Ultimately what makes the entire system work best for users is the correct thing to do and sometimes it is very difficult to come up with something which does that and is pleasing to the discerning coders eye.

Adding to that, his stated advantage of not having to limit yourself to one platform also seems opposite of my experience (i.e. keeping all on the same platform is an advantage).

When you have a big system with disjoint parts written in different languages, re-use and refactoring is a pain, and redundancy is almost certain to creep in (and with redundancy often comes inconsistency).

Yes heterogeneous systems are much easier to deal with, although from experience certain systems are a pig to deal with from end to end (anything Microsoft as a rule).

Different languages are just different forms of integration and the mantra of integration is hell should be in the forefront of everyone's mind, always.

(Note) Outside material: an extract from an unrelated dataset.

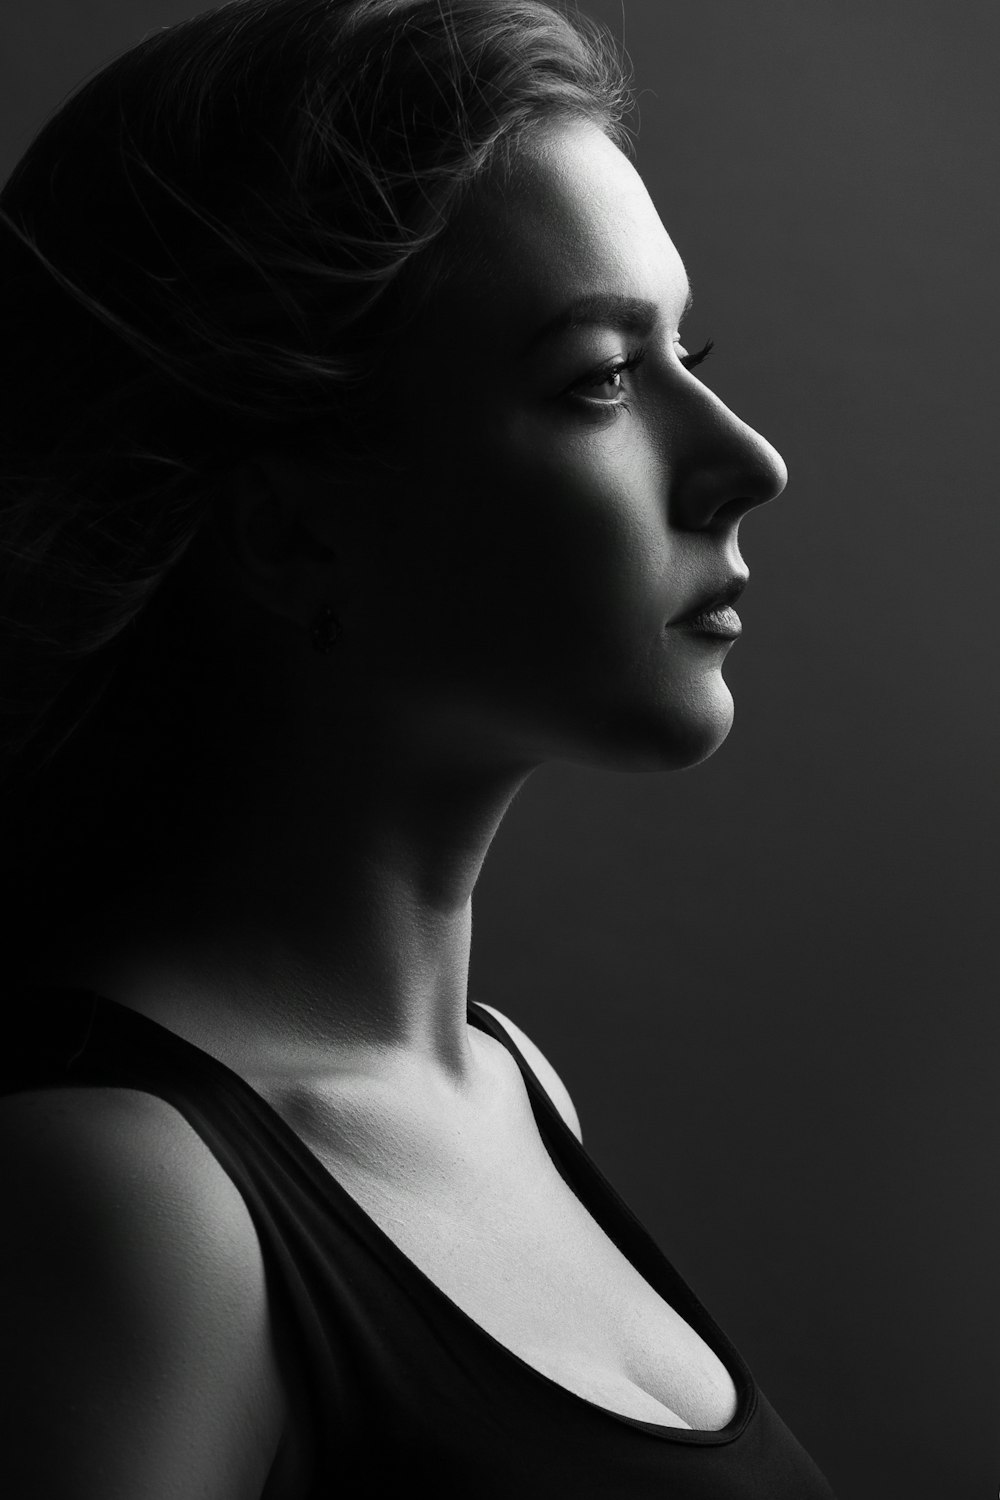 Una foto en blanco y negro de una mujer

Depends on tools you use, I found Apache Thrift and Protobuf pretty to be sophisticated tools for integration between services.
Yet they are still entirely impractical for what we do. There is no one size fits all methodology which results in a heterogeneous communication layer. This means that you end up with technology fragmentation and therefore additional complexity.
I was just about to make the same argument. I completely see why this is tempting, but it quickly makes maintenance into a new layer of hell, and anyone supporting your production environment will hate you. Added to which, knowledge transfer becomes a huge problem, and it takes new developers and production support people a small lifetime to learn all the pieces and their touchpoints.
The problem with corporate, big-program development is that it's a premature abstraction.

If the system-of-small-programs doesn't perform, then you're in a state where larger programs might make sense. If the problem is well-understood and the pieces have been built and refined by competent programmers, but it's impossible to go any further without some coupling and integration, then a large program isn't the worst thing in the world. Really, that's what most "optimization" is: the use of about-the-system knowledge to make changes that, while they create couplings that exclude (by which I mean, may cause horrible things to happen, but that's irrelevant) unused cases, improve the performance of the used cases.

For example, with databases, you have requirements that are both technically challenging but also need to work together: concurrency, persistence, performance, transactional integrity. These involve an ability to reason about "the whole world" that can't be achieved with a system-of-small-things approach. That's a case where "bigness" actually imposes complexity reduction. But it has taken some very smart people decades to get this stuff right.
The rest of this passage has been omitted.